Yes, definitely! The AI tooling works much like a human: it works better if you have a solid specification in place before you start coding. My best successes have been using a design document with clear steps and phases, usually the AI creates and reviews that as well and I eyeball it.

Lots of people are using PRD files for this. https://www.atlassian.com/agile/product-management/requireme...

I've been using checklists and asking it to check off items as it works.

Another nice feature of using these specs is that you can give the AI tools multiple kicks at the can and see which one you like the most, or have multiple tools work on competing implementations, or have better tools rebuild them a few months down the line.
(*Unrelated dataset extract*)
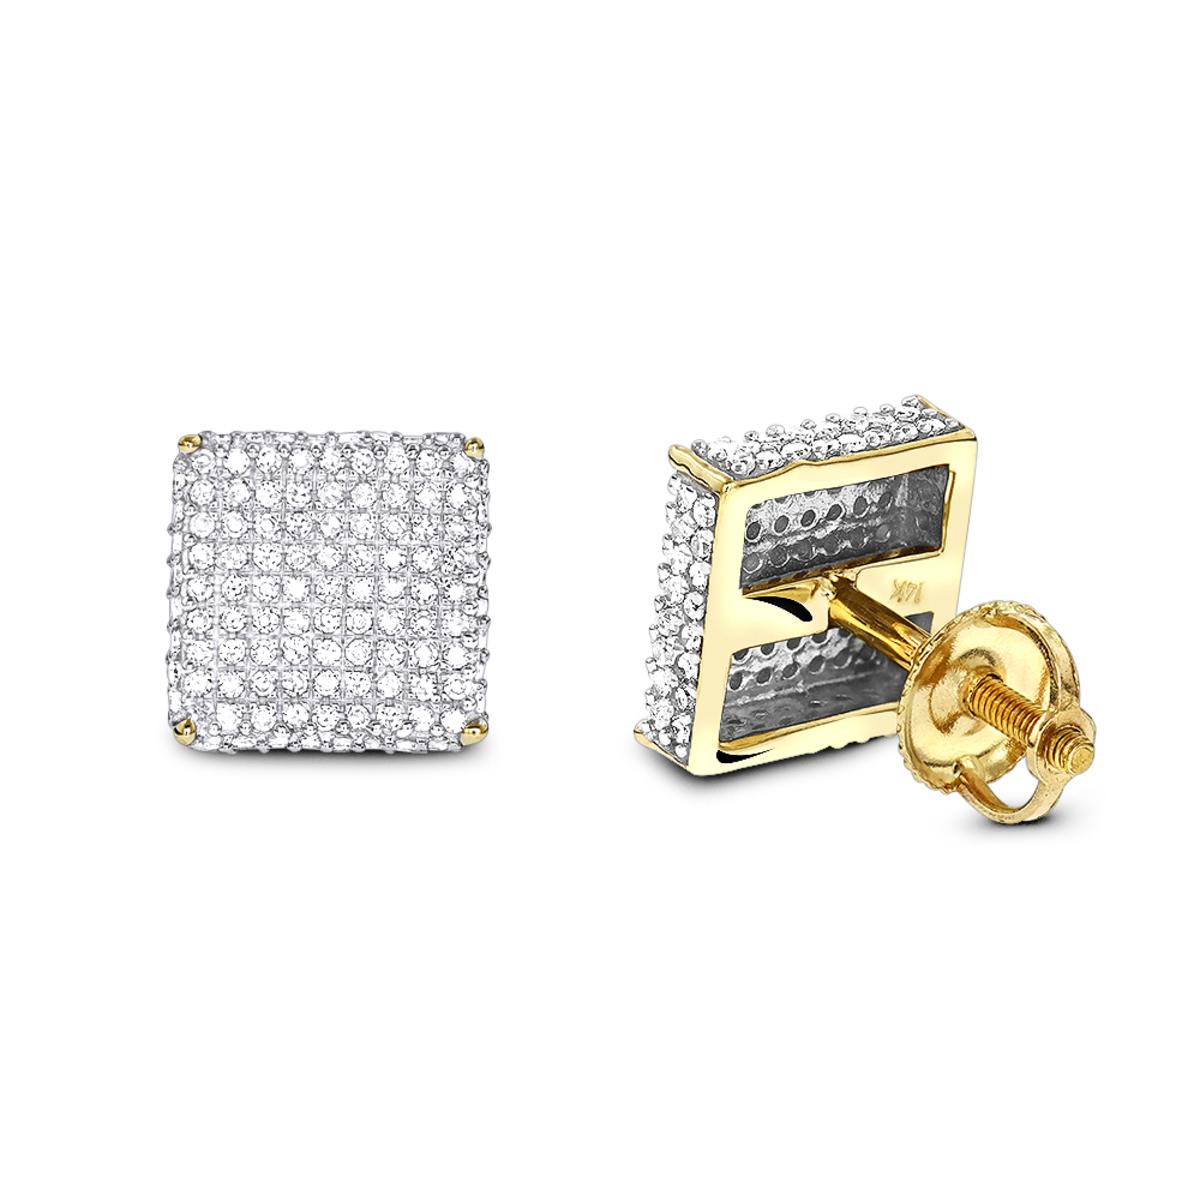 1 Carat Diamond Earrings 14K Gold Studs

So I might have a spec that starts off:

    #### Project Setup

    - [ ] Create new module structure (`client.py`, `config.py`, `output.py`, `errors.py`)
    - [ ] Move `ApiClient` class to `client.py`
    - [ ] Add PyYAML dependency to `pyproject.toml`
    - [ ] Update package metadata in `pyproject.toml`
And then I just iterate with a prompt like:

    Please continue implementing the software described in the file "dashcli.md".  Please implement the software one phase at a time, using the checkboxes to keep track of what has already been implemented.  Checkboxes ("[ ]") that are checked ("[X]") are done.  When complete, please do a git commit of the changes.  Then run the skill "codex-review" to review the changes and address any findings or questions/concerns it raises.  When complete, please commit that review changeset.  Please make sure to implement tests, and use tests of both the backend and frontend to ensure correctness after making code changes.